» **Exercise prompt**
Each line shown below should be copied exactly.

*** Supplied material ***

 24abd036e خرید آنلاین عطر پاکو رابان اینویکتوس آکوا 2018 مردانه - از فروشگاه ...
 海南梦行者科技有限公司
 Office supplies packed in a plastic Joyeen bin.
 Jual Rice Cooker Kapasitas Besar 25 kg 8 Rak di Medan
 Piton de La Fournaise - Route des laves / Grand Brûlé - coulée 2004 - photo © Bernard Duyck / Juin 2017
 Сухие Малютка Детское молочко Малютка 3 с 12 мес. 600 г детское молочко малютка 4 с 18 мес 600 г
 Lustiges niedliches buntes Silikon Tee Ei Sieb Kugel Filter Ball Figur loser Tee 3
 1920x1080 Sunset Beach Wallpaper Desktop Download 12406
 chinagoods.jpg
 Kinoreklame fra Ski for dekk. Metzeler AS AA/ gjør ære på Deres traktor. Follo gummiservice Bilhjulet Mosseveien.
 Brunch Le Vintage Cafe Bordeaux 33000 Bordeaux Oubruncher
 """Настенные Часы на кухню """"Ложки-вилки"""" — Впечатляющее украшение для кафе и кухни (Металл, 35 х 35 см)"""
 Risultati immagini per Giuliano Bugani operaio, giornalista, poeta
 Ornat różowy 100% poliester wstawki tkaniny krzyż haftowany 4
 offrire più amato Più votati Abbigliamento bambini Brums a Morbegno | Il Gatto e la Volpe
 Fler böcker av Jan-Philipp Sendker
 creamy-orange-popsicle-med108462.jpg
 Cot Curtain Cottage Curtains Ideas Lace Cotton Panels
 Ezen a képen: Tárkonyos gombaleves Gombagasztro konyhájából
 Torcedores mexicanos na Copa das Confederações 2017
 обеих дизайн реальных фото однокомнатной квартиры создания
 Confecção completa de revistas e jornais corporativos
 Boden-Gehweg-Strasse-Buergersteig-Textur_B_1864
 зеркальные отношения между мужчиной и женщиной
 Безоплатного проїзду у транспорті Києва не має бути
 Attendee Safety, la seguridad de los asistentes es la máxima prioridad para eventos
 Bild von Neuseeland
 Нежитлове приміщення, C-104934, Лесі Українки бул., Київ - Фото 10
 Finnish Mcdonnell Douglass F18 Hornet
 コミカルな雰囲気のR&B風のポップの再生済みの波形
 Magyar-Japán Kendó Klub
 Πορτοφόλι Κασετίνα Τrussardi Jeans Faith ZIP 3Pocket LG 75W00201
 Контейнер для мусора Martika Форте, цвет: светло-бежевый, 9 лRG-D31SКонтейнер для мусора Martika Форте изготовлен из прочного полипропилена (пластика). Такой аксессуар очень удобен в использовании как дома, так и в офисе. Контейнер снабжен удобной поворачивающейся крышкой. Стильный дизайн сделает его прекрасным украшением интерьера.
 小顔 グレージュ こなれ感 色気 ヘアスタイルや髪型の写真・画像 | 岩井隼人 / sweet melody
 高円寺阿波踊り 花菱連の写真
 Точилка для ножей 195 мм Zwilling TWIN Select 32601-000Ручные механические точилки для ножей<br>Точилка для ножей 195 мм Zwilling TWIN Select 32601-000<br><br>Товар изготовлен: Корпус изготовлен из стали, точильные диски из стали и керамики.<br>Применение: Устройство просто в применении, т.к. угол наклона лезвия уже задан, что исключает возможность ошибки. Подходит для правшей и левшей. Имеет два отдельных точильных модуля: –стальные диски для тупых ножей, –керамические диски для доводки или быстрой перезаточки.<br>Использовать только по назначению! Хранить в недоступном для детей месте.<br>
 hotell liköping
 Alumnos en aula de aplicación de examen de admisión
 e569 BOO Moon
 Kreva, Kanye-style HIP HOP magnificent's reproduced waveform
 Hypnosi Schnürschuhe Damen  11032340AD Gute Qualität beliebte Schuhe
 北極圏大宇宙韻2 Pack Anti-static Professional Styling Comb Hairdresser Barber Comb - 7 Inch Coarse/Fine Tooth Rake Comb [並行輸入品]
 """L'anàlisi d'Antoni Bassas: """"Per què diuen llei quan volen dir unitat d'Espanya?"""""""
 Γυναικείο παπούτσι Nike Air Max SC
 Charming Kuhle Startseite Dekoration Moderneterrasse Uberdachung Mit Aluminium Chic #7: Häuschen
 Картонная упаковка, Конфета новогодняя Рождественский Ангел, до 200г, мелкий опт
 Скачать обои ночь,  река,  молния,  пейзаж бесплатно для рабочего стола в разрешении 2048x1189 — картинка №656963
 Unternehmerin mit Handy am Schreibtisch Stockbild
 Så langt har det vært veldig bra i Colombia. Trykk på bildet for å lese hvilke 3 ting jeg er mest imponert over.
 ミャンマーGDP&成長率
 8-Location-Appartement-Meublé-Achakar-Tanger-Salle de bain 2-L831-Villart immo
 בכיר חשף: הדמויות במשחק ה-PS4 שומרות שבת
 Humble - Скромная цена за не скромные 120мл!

*** End of Supplied material ***

» **Response area**
 24abd036e خرید آنلاین عطر پاکو رابان اینویکتوس آکوا 2018 مردانه - از فروشگاه ...
 海南梦行者科技有限公司
 Office supplies packed in a plastic Joyeen bin.
 Jual Rice Cooker Kapasitas Besar 25 kg 8 Rak di Medan
 Piton de La Fournaise - Route des laves / Grand Brûlé - coulée 2004 - photo © Bernard Duyck / Juin 2017
 Сухие Малютка Детское молочко Малютка 3 с 12 мес. 600 г детское молочко малютка 4 с 18 мес 600 г
 Lustiges niedliches buntes Silikon Tee Ei Sieb Kugel Filter Ball Figur loser Tee 3
 1920x1080 Sunset Beach Wallpaper Desktop Download 12406
 chinagoods.jpg
 Kinoreklame fra Ski for dekk. Metzeler AS AA/ gjør ære på Deres traktor. Follo gummiservice Bilhjulet Mosseveien.
 Brunch Le Vintage Cafe Bordeaux 33000 Bordeaux Oubruncher
 """Настенные Часы на кухню """"Ложки-вилки"""" — Впечатляющее украшение для кафе и кухни (Металл, 35 х 35 см)"""
 Risultati immagini per Giuliano Bugani operaio, giornalista, poeta
 Ornat różowy 100% poliester wstawki tkaniny krzyż haftowany 4
 offrire più amato Più votati Abbigliamento bambini Brums a Morbegno | Il Gatto e la Volpe
 Fler böcker av Jan-Philipp Sendker
 creamy-orange-popsicle-med108462.jpg
 Cot Curtain Cottage Curtains Ideas Lace Cotton Panels
 Ezen a képen: Tárkonyos gombaleves Gombagasztro konyhájából
 Torcedores mexicanos na Copa das Confederações 2017
 обеих дизайн реальных фото однокомнатной квартиры создания
 Confecção completa de revistas e jornais corporativos
 Boden-Gehweg-Strasse-Buergersteig-Textur_B_1864
 зеркальные отношения между мужчиной и женщиной
 Безоплатного проїзду у транспорті Києва не має бути
 Attendee Safety, la seguridad de los asistentes es la máxima prioridad para eventos
 Bild von Neuseeland
 Нежитлове приміщення, C-104934, Лесі Українки бул., Київ - Фото 10
 Finnish Mcdonnell Douglass F18 Hornet
 コミカルな雰囲気のR&B風のポップの再生済みの波形
 Magyar-Japán Kendó Klub
 Πορτοφόλι Κασετίνα Τrussardi Jeans Faith ZIP 3Pocket LG 75W00201
 Контейнер для мусора Martika Форте, цвет: светло-бежевый, 9 лRG-D31SКонтейнер для мусора Martika Форте изготовлен из прочного полипропилена (пластика). Такой аксессуар очень удобен в использовании как дома, так и в офисе. Контейнер снабжен удобной поворачивающейся крышкой. Стильный дизайн сделает его прекрасным украшением интерьера.
 小顔 グレージュ こなれ感 色気 ヘアスタイルや髪型の写真・画像 | 岩井隼人 / sweet melody
 高円寺阿波踊り 花菱連の写真
 Точилка для ножей 195 мм Zwilling TWIN Select 32601-000Ручные механические точилки для ножей<br>Точилка для ножей 195 мм Zwilling TWIN Select 32601-000<br><br>Товар изготовлен: Корпус изготовлен из стали, точильные диски из стали и керамики.<br>Применение: Устройство просто в применении, т.к. угол наклона лезвия уже задан, что исключает возможность ошибки. Подходит для правшей и левшей. Имеет два отдельных точильных модуля: –стальные диски для тупых ножей, –керамические диски для доводки или быстрой перезаточки.<br>Использовать только по назначению! Хранить в недоступном для детей месте.<br>
 hotell liköping
 Alumnos en aula de aplicación de examen de admisión
 e569 BOO Moon
 Kreva, Kanye-style HIP HOP magnificent's reproduced waveform
 Hypnosi Schnürschuhe Damen  11032340AD Gute Qualität beliebte Schuhe
 北極圏大宇宙韻2 Pack Anti-static Professional Styling Comb Hairdresser Barber Comb - 7 Inch Coarse/Fine Tooth Rake Comb [並行輸入品]
 """L'anàlisi d'Antoni Bassas: """"Per què diuen llei quan volen dir unitat d'Espanya?"""""""
 Γυναικείο παπούτσι Nike Air Max SC
 Charming Kuhle Startseite Dekoration Moderneterrasse Uberdachung Mit Aluminium Chic #7: Häuschen
 Картонная упаковка, Конфета новогодняя Рождественский Ангел, до 200г, мелкий опт
 Скачать обои ночь,  река,  молния,  пейзаж бесплатно для рабочего стола в разрешении 2048x1189 — картинка №656963
 Unternehmerin mit Handy am Schreibtisch Stockbild
 Så langt har det vært veldig bra i Colombia. Trykk på bildet for å lese hvilke 3 ting jeg er mest imponert over.
 ミャンマーGDP&成長率
 8-Location-Appartement-Meublé-Achakar-Tanger-Salle de bain 2-L831-Villart immo
 בכיר חשף: הדמויות במשחק ה-PS4 שומרות שבת
 Humble - Скромная цена за не скромные 120мл!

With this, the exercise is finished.